As it happens, I’ve worked with XML since 1999 and I have lots and lots of XML files I need to look at. I’m not particularly happy with my reading choices and I hate converting a file to XHTML just so I can view it in the distraction-free confines of FBReader or MS Reader.

Last week I ran across OpenBerg Lector again, and I took a fresh look at it. Lector has separated from the original effort to make YAEBVBOX (yet another e-book vocabulary based on XHTML), and it has a fairly clear goal: to enable a (human) reader to open an e-book package in Firefox and read the e-book there.

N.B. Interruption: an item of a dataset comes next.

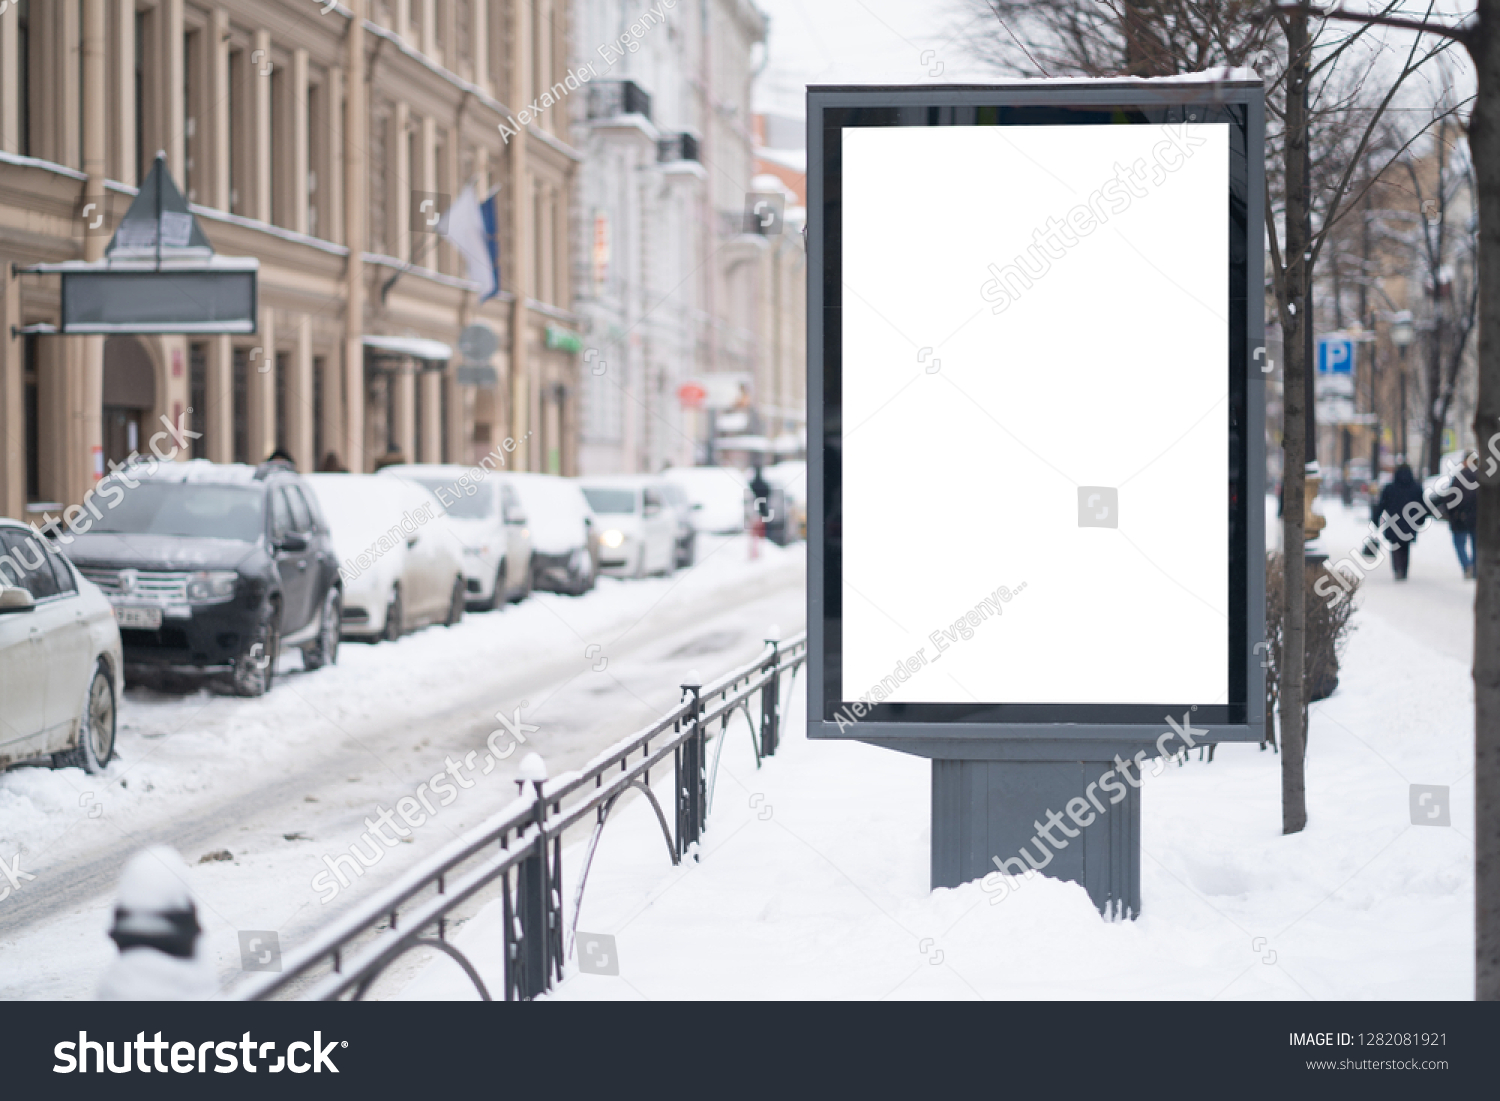 Vertical mock-up of city poster winter city with thick edges, blank white billboard in urban settings, empty street information placeholder on sidewalk with copy space for logo #1282081921

It took a day or two for me to realize that. In the past, I’ve envisioned browsers being used to treat texts on the web more like an e-book, and Lector’s being a Firefox add-on clouded my perception.

However, Lector won’t just read XHTML files. In fact, its main format is OEBPS — Lector will read OEB package files in a single-file publications (stored in .obz zip files) and handily display the content files therein.***

Once I realized that Lector was built to be an e-reader that lets Mozilla’s Gecko do its rendering, it dawned on me that at last an e-reader had arrived that would accept arbitrary XML.

I grabbed some XML files (structured, as any XML ought to be, by the nature of the content and not by some pre-ordained presentation of a scientific article that spawned HTML), wrote some CSS for the elements used, and created a package file, tossing it all into a .obz archive.

When I opened this file (yes, using File | Open File…) in Firefox, it correctly utilized Lector’s scripts to display my three XML files, moving smoothly between one and the next by pressing PageDown at the bottom and PageUp at the top.

I’ve just begun exploring what Lector can do. The first effort to replace scrolling with pages is underway. I believe the annotation, highlighting, bookmarking and so on will be delegated to other extensions. By building on the Firefox framework, Lector surpasses other e-readers by providing such features as MathML, SVG and use-your-own-XML.

That’s a lot to recommend it, and of course an example of the ‘prairielight’ e-readers I projected earlier. Lector has now set the bar that other e-readers will have to to meet.

* And possibly other XML editors that I haven’t owned.

** Don’t point out the unfulfilled potential of the “extended” vocabulary permitted in OEBPS 1.0; I never heard of any reading system that implemented it.

*** I’ve never encountered a book in the “Cabinet Comic Books” format (.cbz, .cbr), but that too is handled by Lector.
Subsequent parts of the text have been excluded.